Electric trucks, buses, and delivery vans often use heat pumps to cool traction batteries. 

Electric trucks, buses, and delivery vans often use heat pumps to cool traction batteries. Image used courtesy of Wikimedia Commons (By Peter J. Dunn)


The heat pump solution works well because it can provide either cooling or heating, depending upon the needs dictated by the ambient temperature conditions. 


Heat While Charging

Batteries don’t just produce heat when they are discharged. During charging, huge amounts of energy are pumped into the battery, raising its temperature. The charging cable can also increase in temperature and may require liquid cooling. This is especially true for fast-charging of the large-scale, mega-watt-size battery packs that are planned for use in commercial vehicles.

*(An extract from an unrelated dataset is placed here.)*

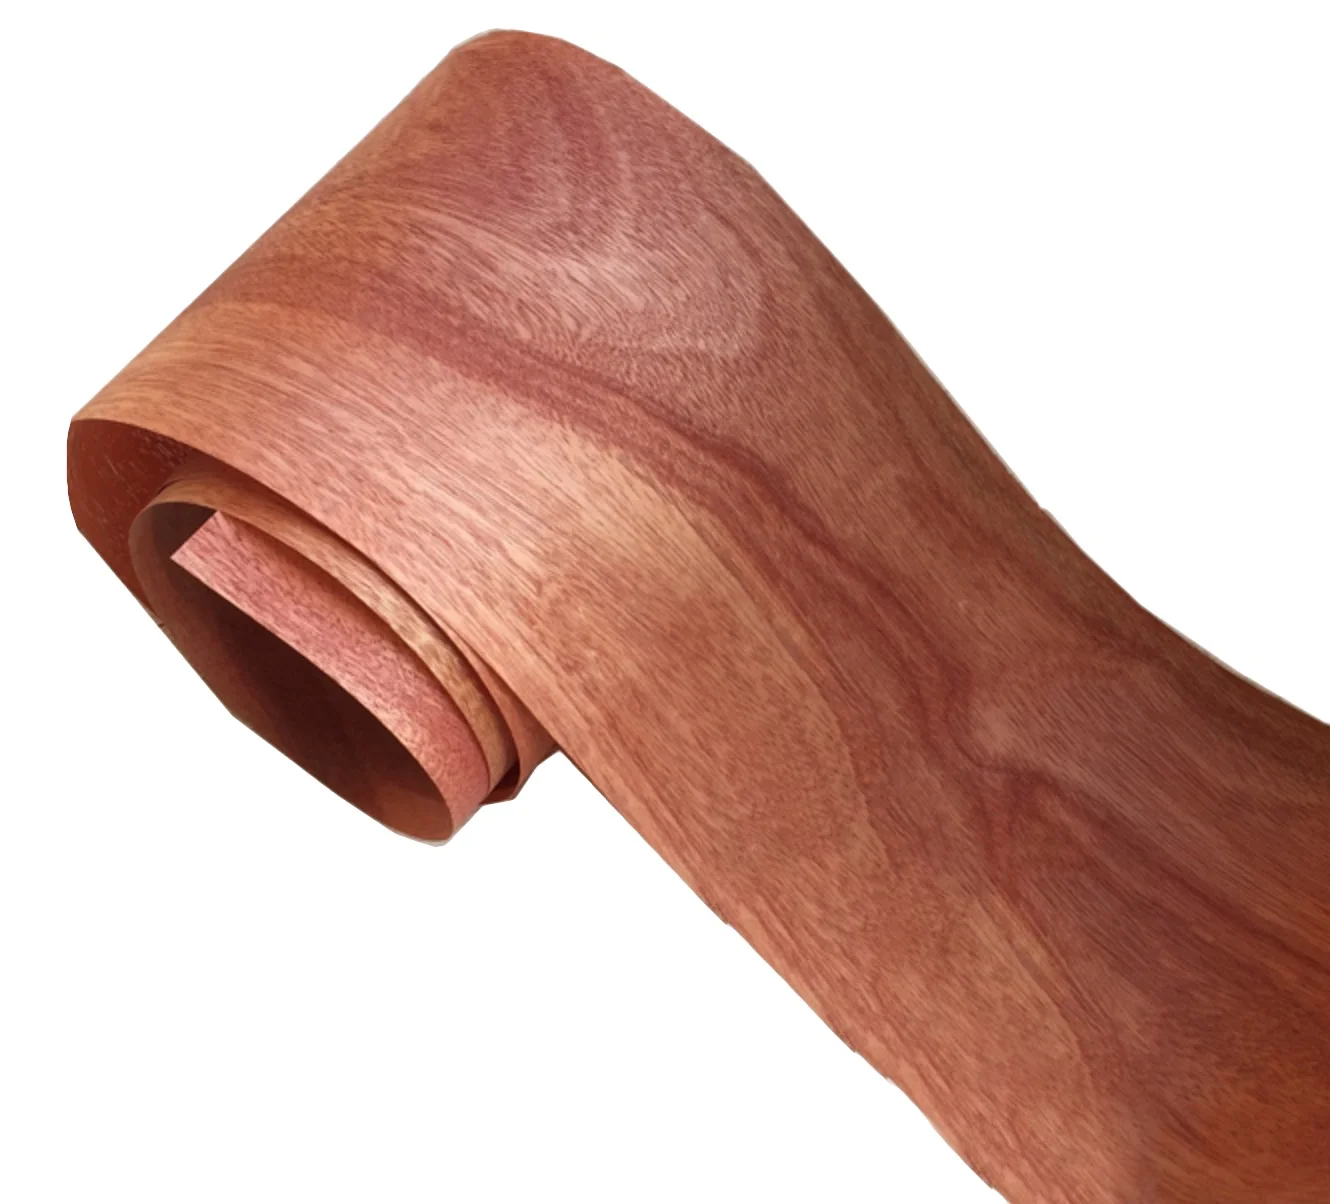 5 шт. Длина: 2,5 метра Толщина: 0,25 мм ширина: 18 см натуральный древесный шпон с сердечником персика настоящие деревянные листы от AliExpress WW
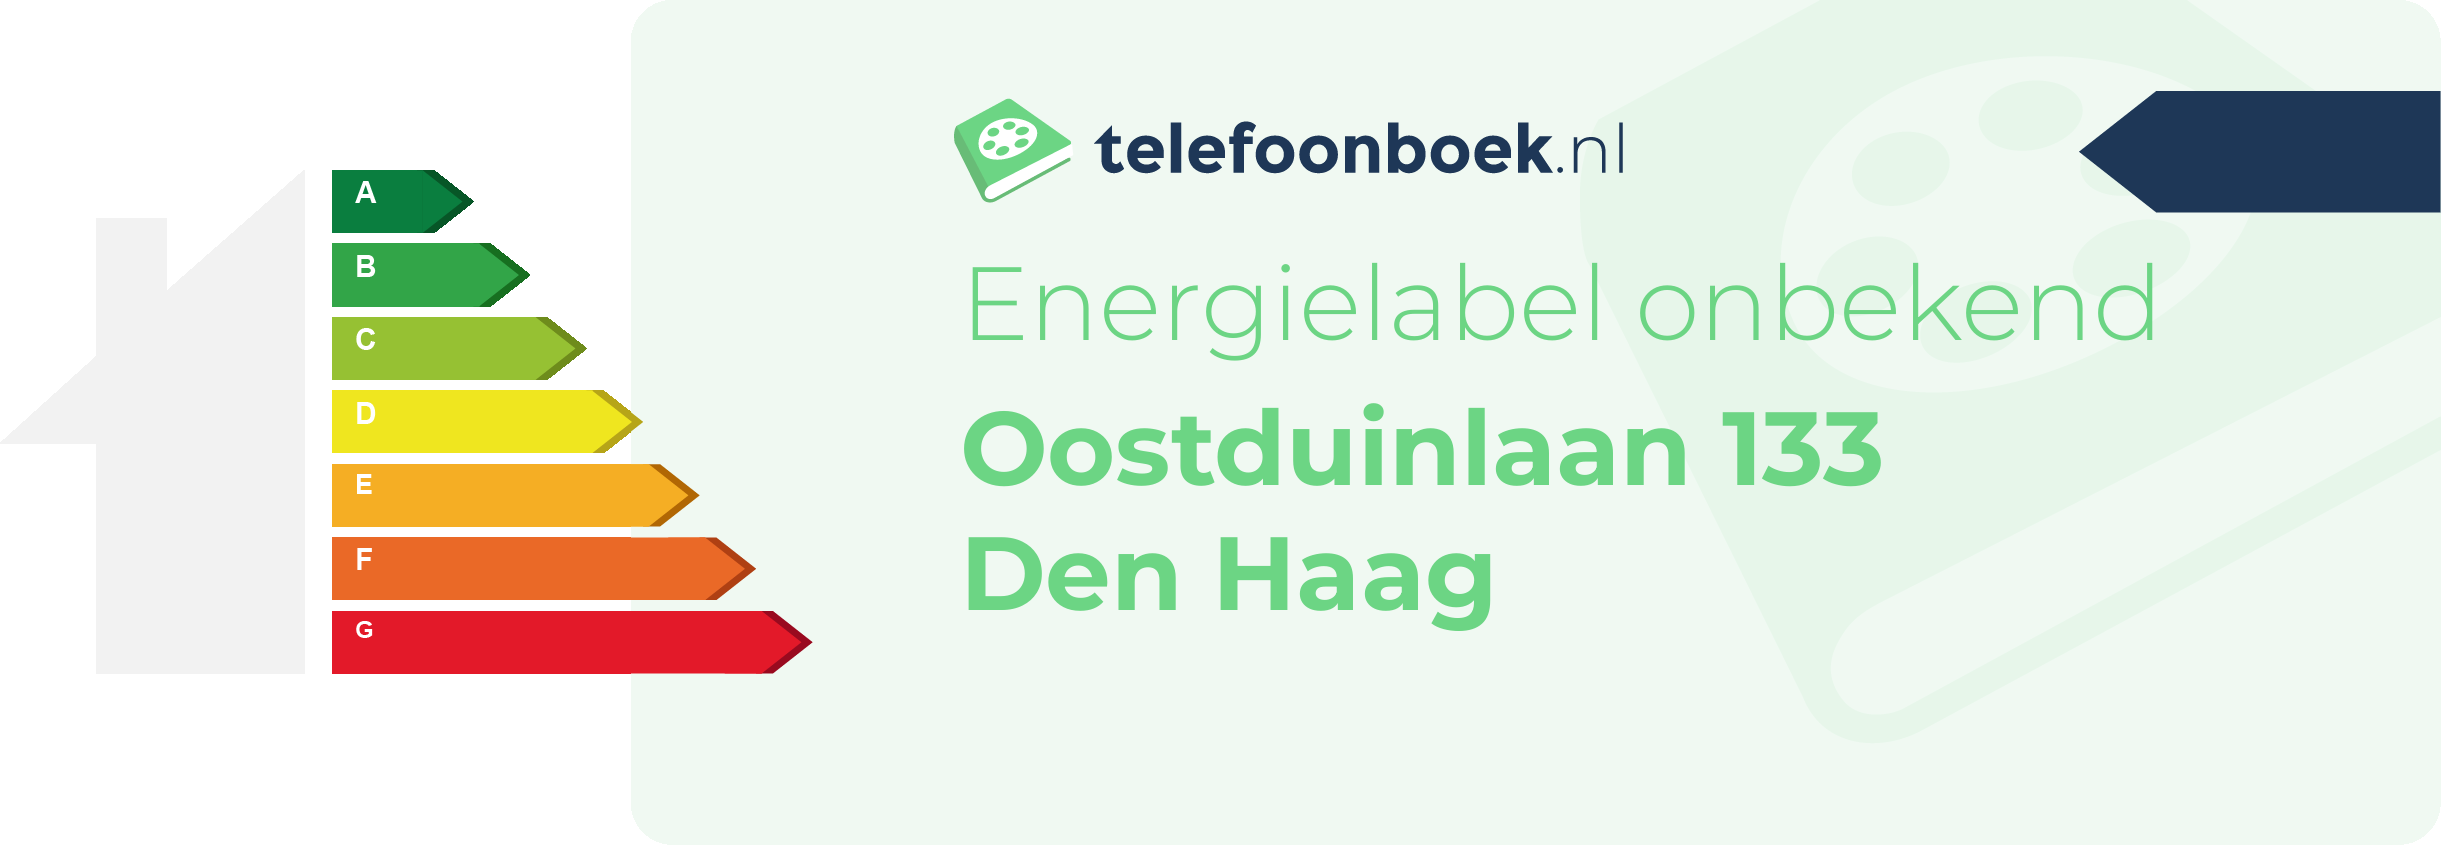 Energielabel Oostduinlaan 133 Den Haag

Cooling the Motor and Power Electronics

Because the traction battery is sensitive to damage from temperatures that are too high or too low and is subject to dangerous thermal runaway if its limits are not observed, traction battery cooling gets most of the attention. 

Other EV components also must be kept with certain thermal limits. The rare-earth permanent magnets in an electric motor, for example, must be kept below their Curie Temperature—the point at which they lose their magnetic field. This can be as low as 80 °C (176 °F), so liquid cooling of the traction motors in EVs is not uncommon. 

The power electronics that control the flow of energy from the traction battery to the electric motor or motors are also affected by high temperatures. Previously, silicon-based electronics were limited to around 150 °C (302 °F), requiring significant cooling capacity. The adoption of silicon carbide-based electronics, however, with operating temperatures as high as 600 °C (1112°F), has reduced the need for aggressive cooling strategies. However, cooling the electronics for controls like the battery management system (BMS) must be considered. 


When Battery Cooling Goes Wrong

Although battery cooling systems are robust, they do suffer from a variety of challenges, including leaks, corrosion, and aging of the components.

 For example, recently, electric truck maker Nikola Motors voluntarily recalled 209 Class 8 battery-electric trucks after one of the vehicles caught fire at the company’s Phoenix headquarters. The cause of the fire was determined to be a coolant leak inside a single battery pack. One component provided by an outside supplier is thought to be the primary source of the coolant leak. 

Thus far, only one pack and another from an engineering evaluation vehicle had thermal events, though Nikola has produced more than 3,100 electric trucks to date. However, this event does point out the types of challenges that engineers dealing with battery cooling must face.